- [Required action] Only the pictures are dropped; the lines of the material that follow are returned exactly.

- [Provided material]

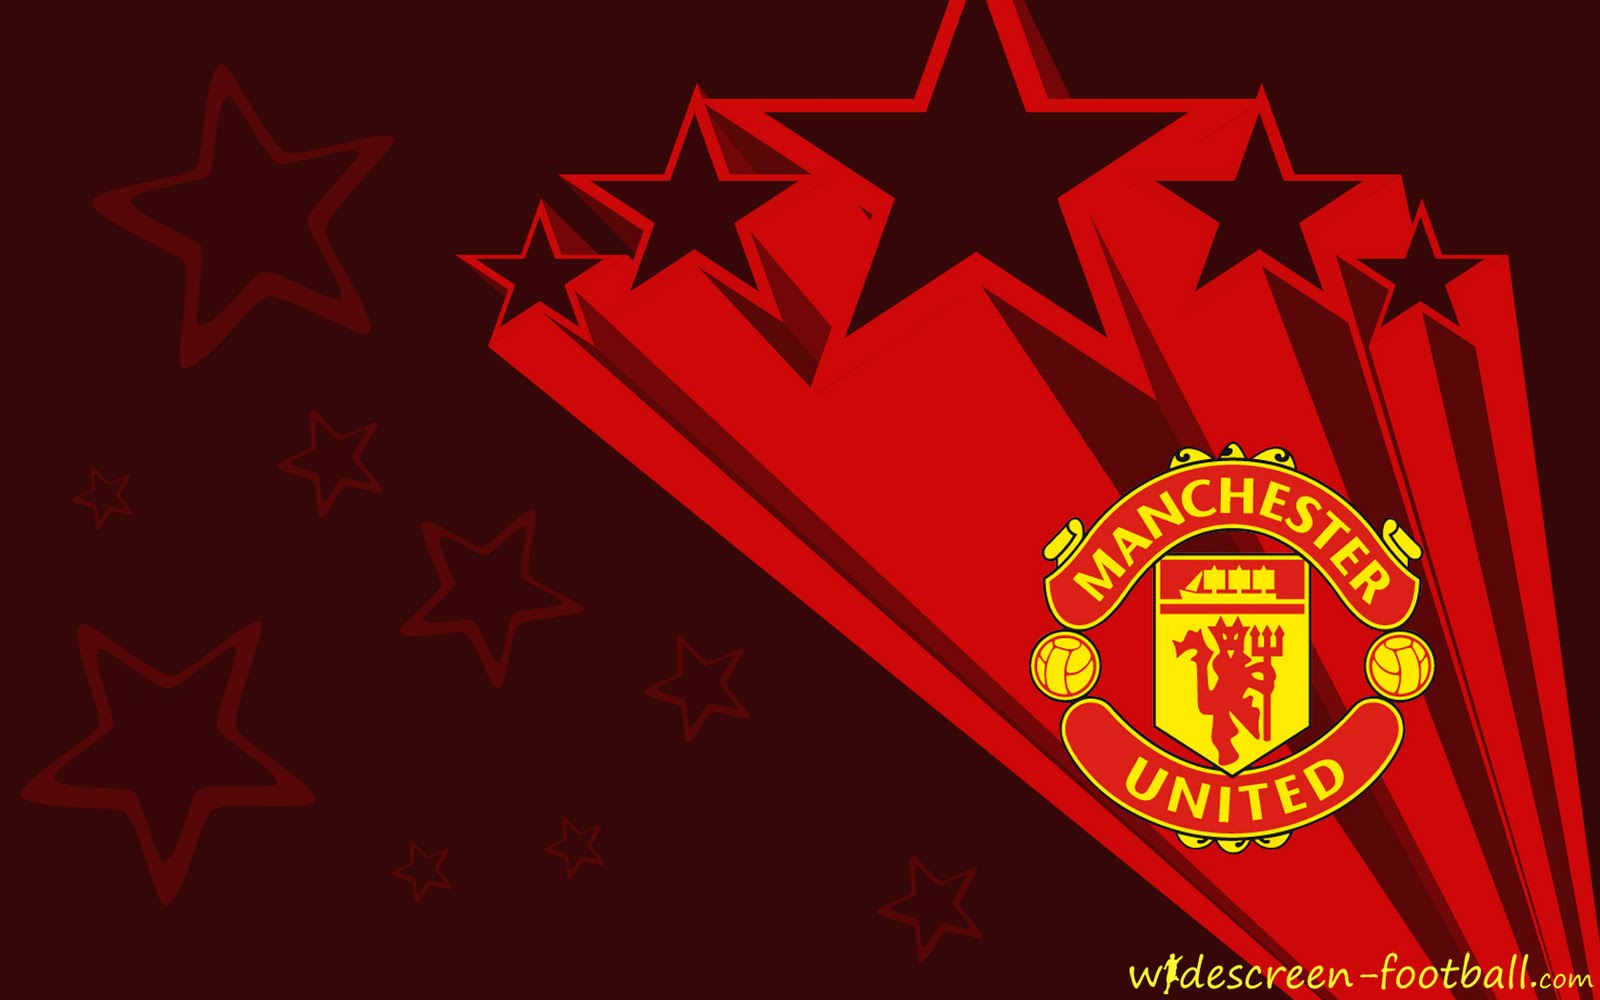  Manchester  United  Wallpapers  HD  HD  Wallpapers  
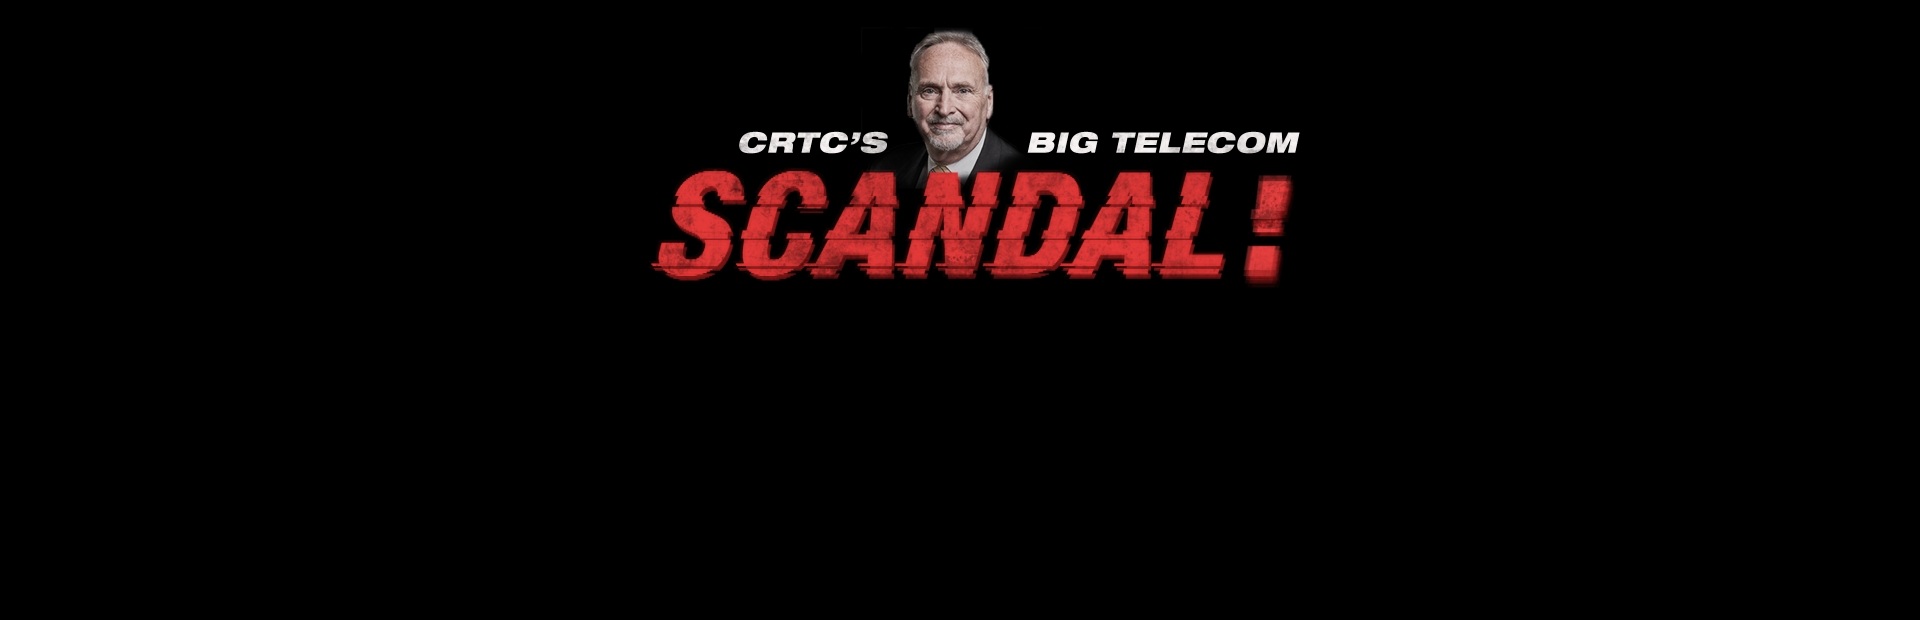 The CRTC just screwed Canadians, and only the government can fix it.
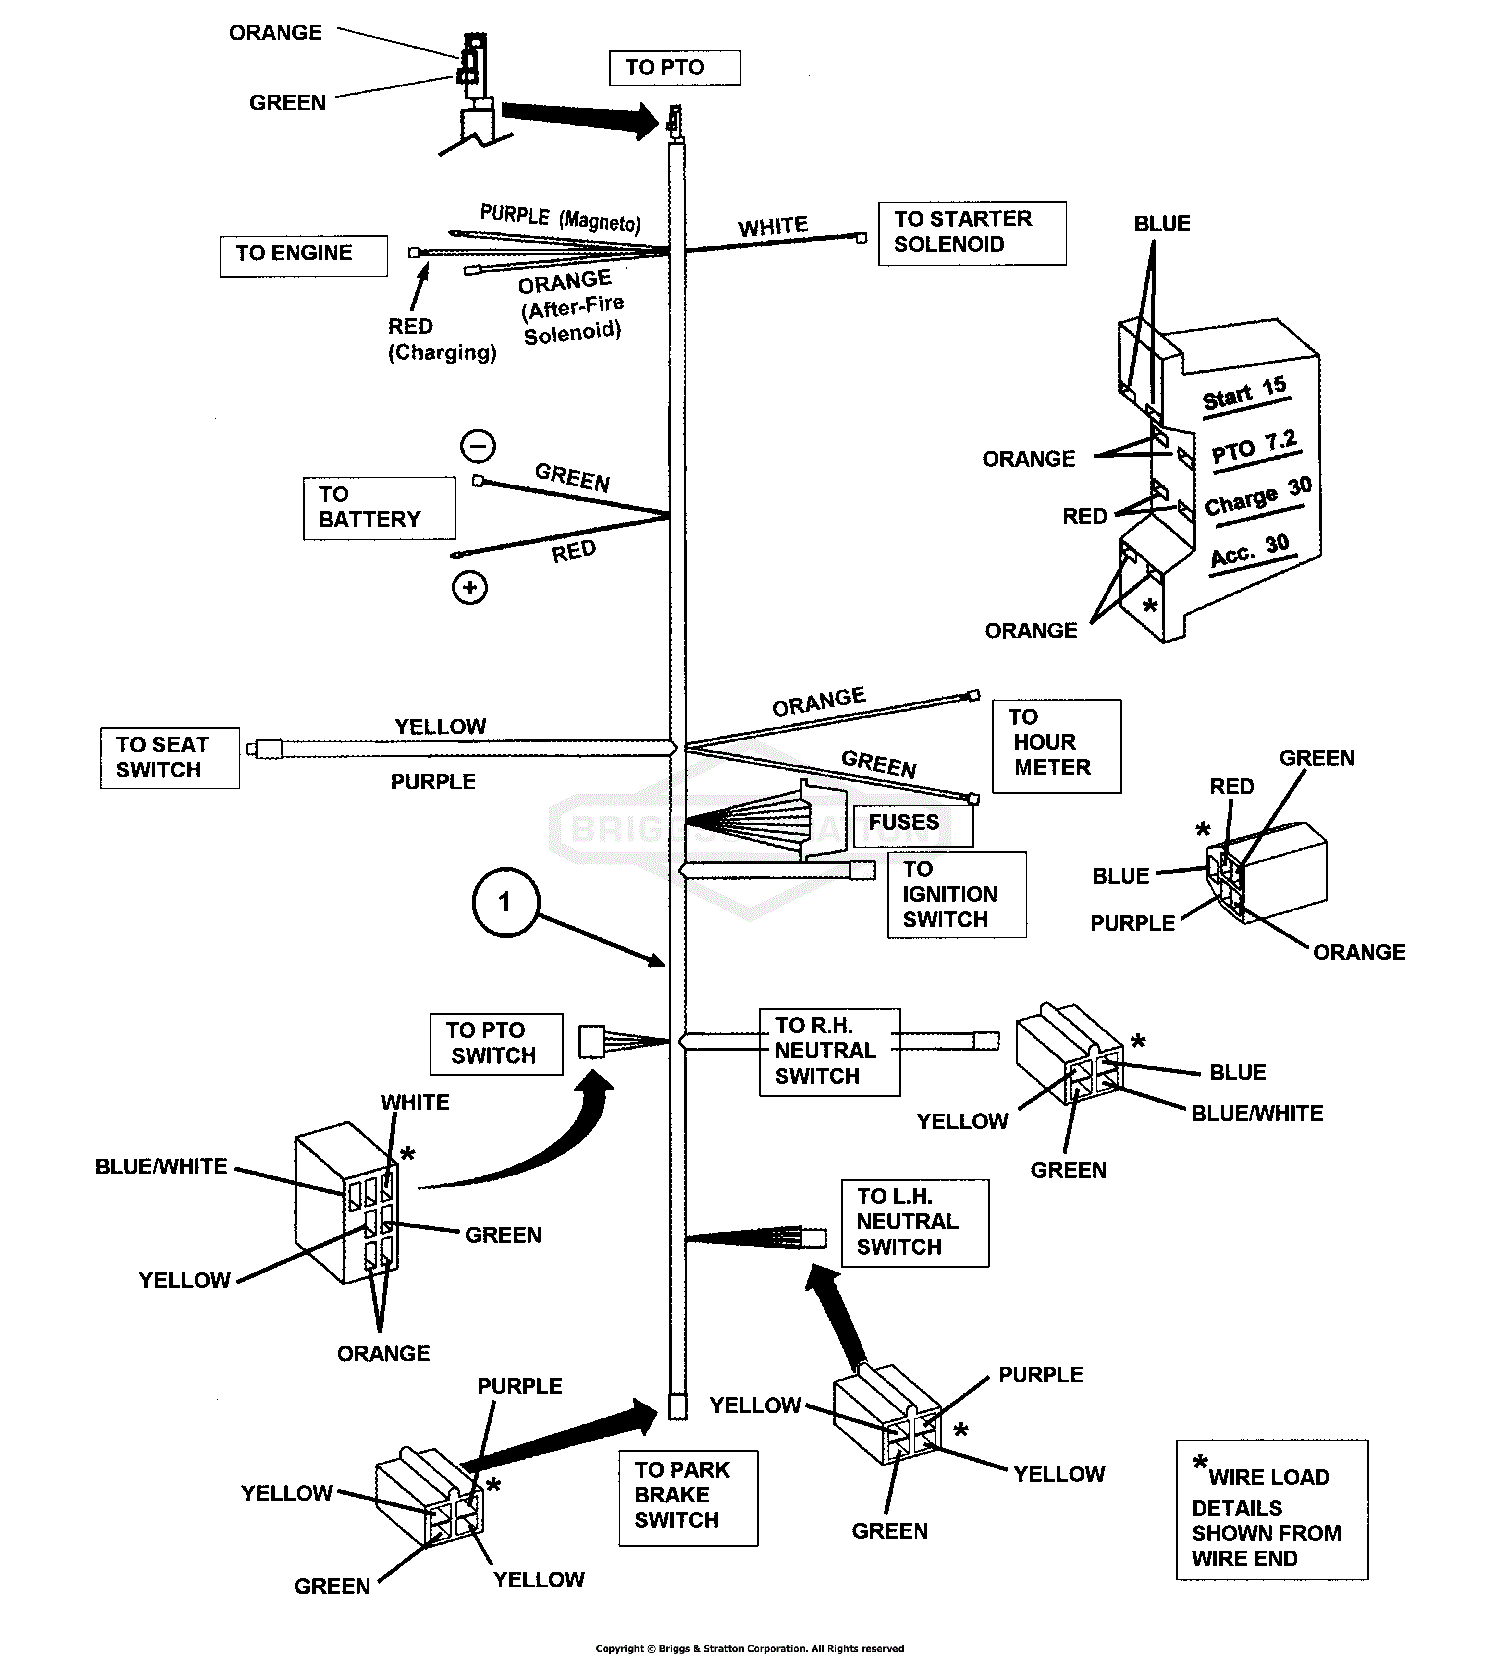 Briggs And Stratton Wiring Diagram 21 Hp from az417944.vo.msecnd.net
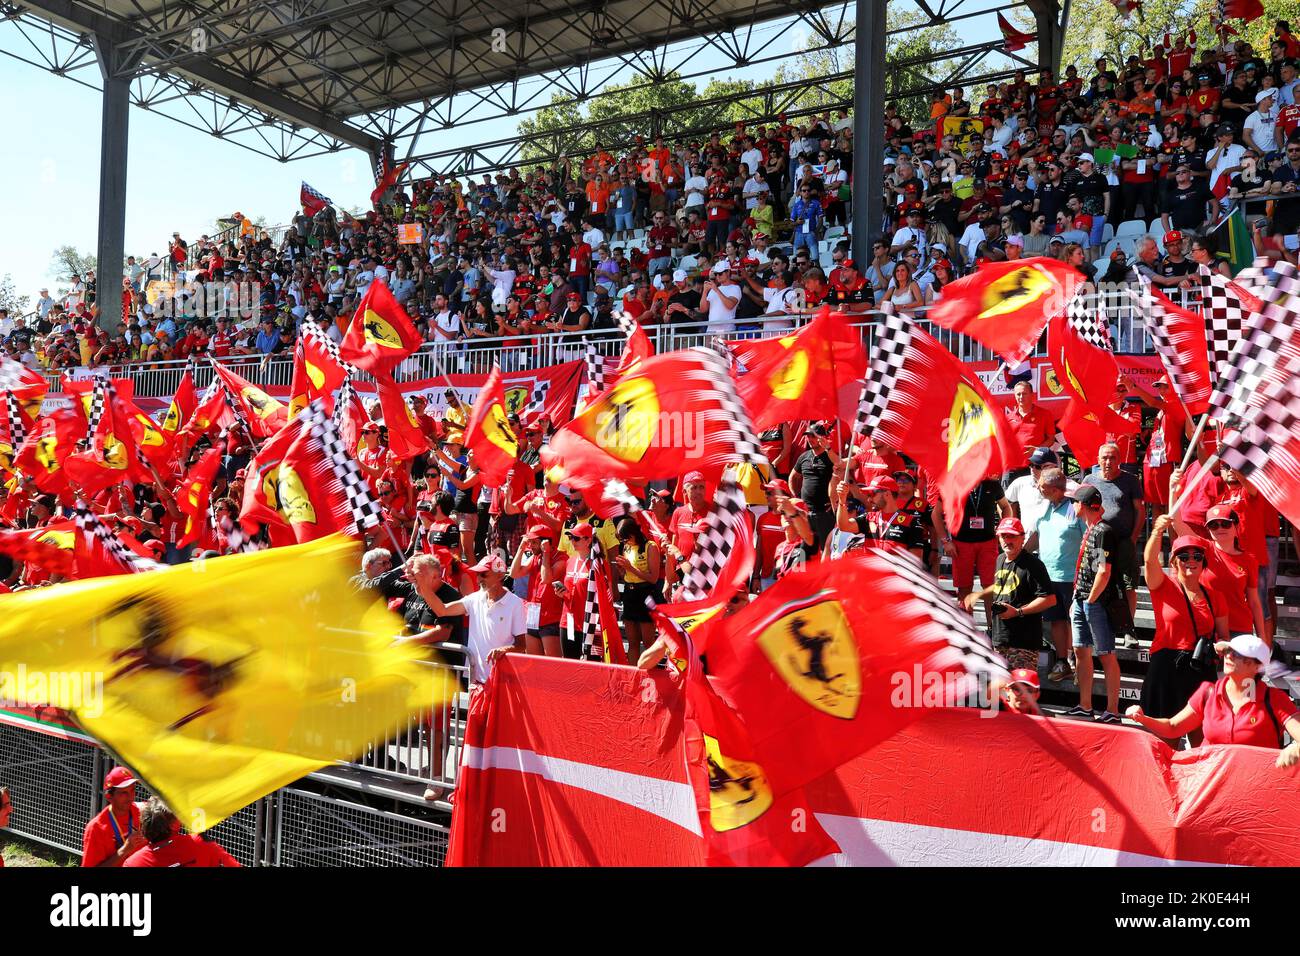 Monza, Italy. 11th Sep, 2022. Circuit atmosphere - Ferrari fans in the grandstand. Italian Grand Prix, Sunday 11th September 2022. Monza Italy. Credit: James Moy/Alamy Live News Credit: James Moy/Alamy Live News Stock Photo

- [Task answer]
  Manchester  United  Wallpapers  HD  HD  Wallpapers  
 The CRTC just screwed Canadians, and only the government can fix it.
 Briggs And Stratton Wiring Diagram 21 Hp from az417944.vo.msecnd.net
 Monza, Italy. 11th Sep, 2022. Circuit atmosphere - Ferrari fans in the grandstand. Italian Grand Prix, Sunday 11th September 2022. Monza Italy. Credit: James Moy/Alamy Live News Credit: James Moy/Alamy Live News Stock Photo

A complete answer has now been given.